Clonidine use and prescription during neonatal and pediatric ECMO is supported by a recent population PK study, which suggested higher clonidine doses, based on the increase of Vd and Cl in the specific setting of ECMO and renal replacement therapy (115). Limited in vitro data are available for dexmedetomidine, which is partially sequestered into the circuit: a LD may be required, although recommendations for its long-term use cannot be provided (81).

Disposition of Antimicrobial and Antiviral Drugs During Neonatal ECMO

Infection remains a real threat for critically-ill neonates on ECMO, with an incidence rate of 5.4 and 5.7% in respiratory and cardiac runs, and reduced survival to 51 and 19%, respectively (34).

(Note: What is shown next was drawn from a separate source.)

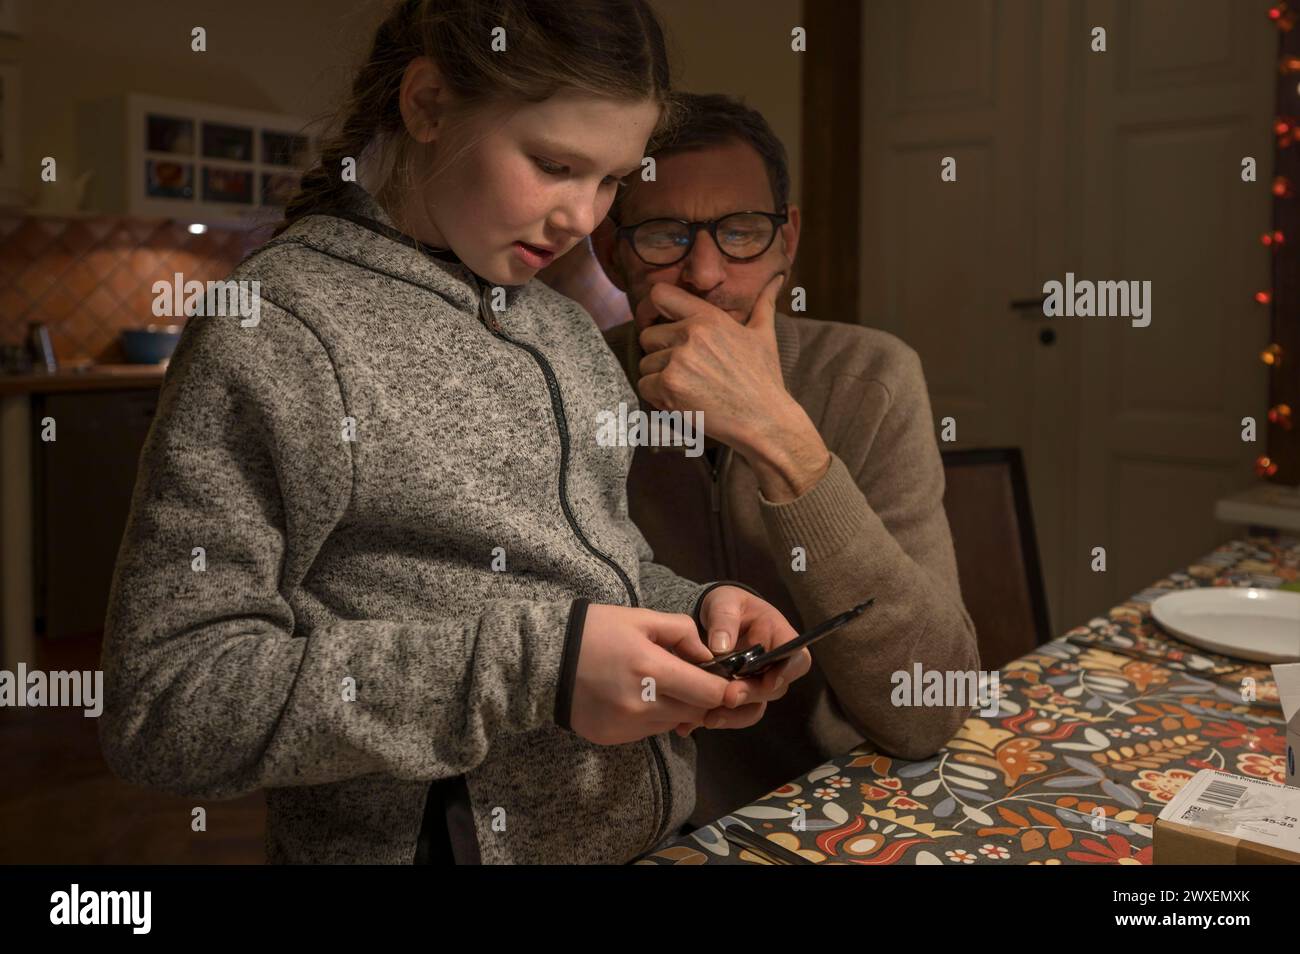 Vater und Tochter suchen etwas mit ihrem Handy, Mecklenburg-Vorpommern, Deutschland Stockfoto

A timely and adequate antimicrobial therapy is therefore pivotal to improve outcomes (139). However, the goal to provide optimal antibiotic therapy is impaired by the ECMO-induced PK changes, which can be only partially predicted, based on current knowledge on drug-circuit-patient interaction (Figure 1) (13, 15, 103). Moreover, antimicrobial prescribing is further complicated by the lack of clinical titratable endpoints (103). Therefore, PK and PD remain the best available predictors of antimicrobial efficacy. Pending evidence-based pharmacotherapy guidelines, neonates on ECMO are still at risk of sub-optimal antibiotic exposure, contributing to treatment failure and bacterial resistance (26). In this section we will summarize current evidence of antimicrobial bioavailability on contemporary neonatal ECMO circuits (Tables 2–4) (4, 15, 92, 116, 118, 121–133).

Figure 1

Beta-Lactams

Beta-lactams are hydrophilic time-dependent antimicrobials, with a variable degree of protein binding and renal elimination (150). Their killing activity is strictly related to the time the unbound drug is above the minimum inhibitory concentration (MIC). The knowledge of ECMO-related PK changes is limited in novel circuitry and further complicated by the well-known instability (i.e., temperature) of this class of antibiotics (151). Based on in vitro observations, ampicillin showed a moderate loss in older silicon-based neonatal systems (92). The impact of contemporary circuits on cefotaxime seems negligible (15).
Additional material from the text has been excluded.